ILLINOIS APPELLATE COURT — SECOND JUDICIAL DISTRICT.


JULY 29, 1968.

THE PEOPLE OF THE STATE OF ILLINOIS, PLAINTIFF-APPELLEE,

v.

JOHN CLIFFORD MCANDREW, DEFENDANT-APPELLANT.

Appeal from the Circuit Court of Lee County, Fifteenth Judicial Circuit; the Hon. JAMES E. BALES, Judge, presiding. Affirmed in part; reversed in part; and remanded with directions.

MR. JUSTICE DAVIS DELIVERED THE OPINION OF THE COURT.

The defendant, John Clifford McAndrew, was charged with unauthorized possession of narcotic drugs, in violation of section 22-3 of the Criminal Code (Ill Rev Stats 1967, c 38, par 22-3). He entered a plea of guilty, was denied probation and was sentenced to a minimum of two years and a maximum of three years in a state penitentiary. He appealed.

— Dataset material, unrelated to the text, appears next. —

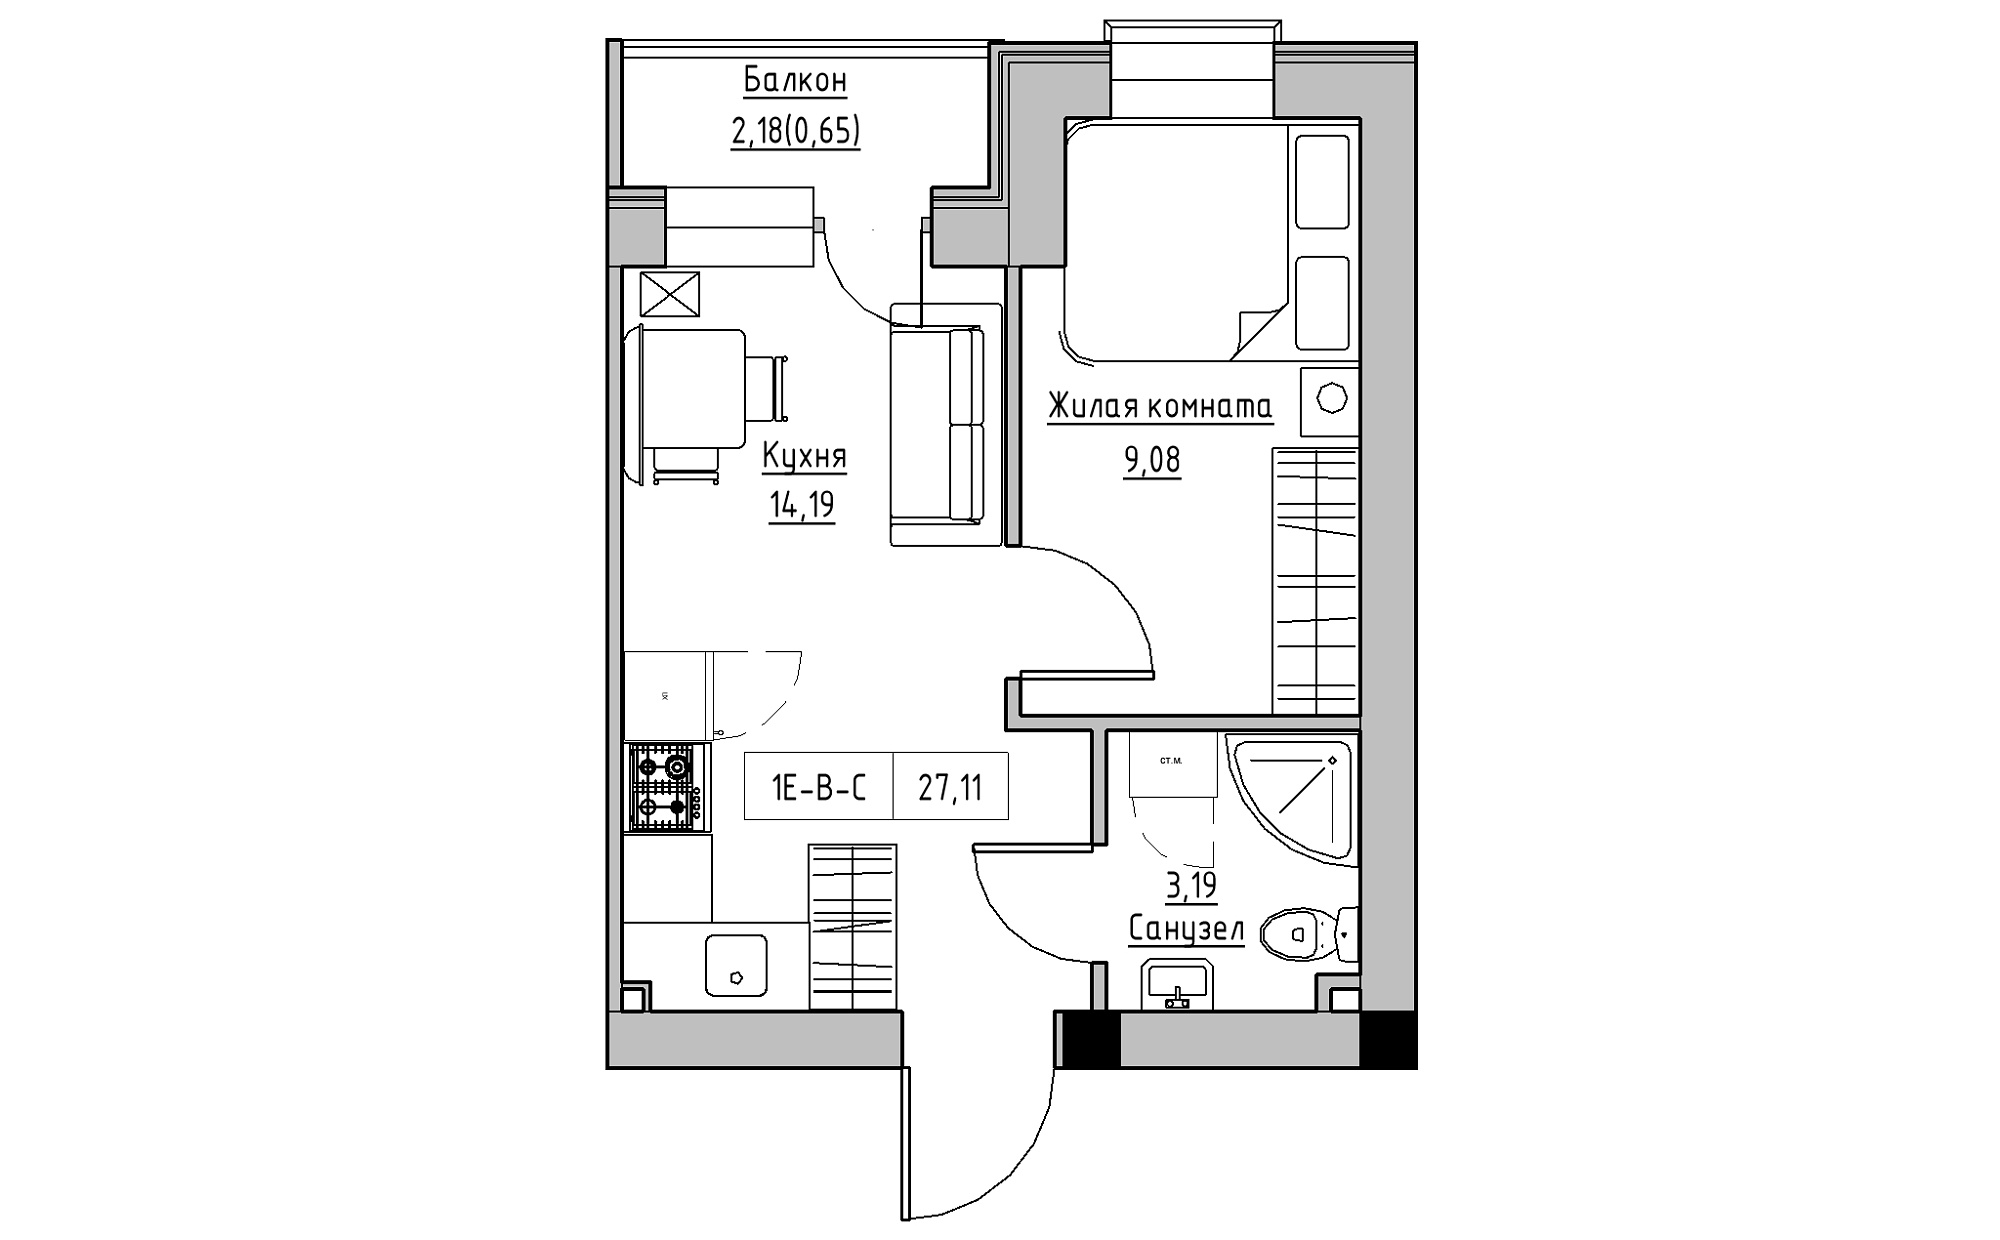 Планировка 1-к квартира площей 27.11м2, KS-022-05/0008.

While courts have held that refusal to grant probation is not subject to review (People v. Hamby, 6 Ill.2d 559, 563, 129 N.E.2d 746 (1955); People v. Denning, 372 Ill. 549, 552, 25 N.E.2d 6 (1940)), the granting or revoking of probation is normally within the discretion of the trial court, but is subject to review to the extent of determining whether the trial court did, in fact, exercise discretion in its determination on probation or whether it abused such discretion and acted in an arbitrary manner. People v. Sims, 32 Ill.2d 591, 596, 208 N.E.2d 569 (1965); People v. Molz, 415 Ill. 183, 190, 113 N.E.2d 314 (1953); People v. Evrard, 65 Ill. App.2d 118, 128, 212 N.E.2d 305 (1965).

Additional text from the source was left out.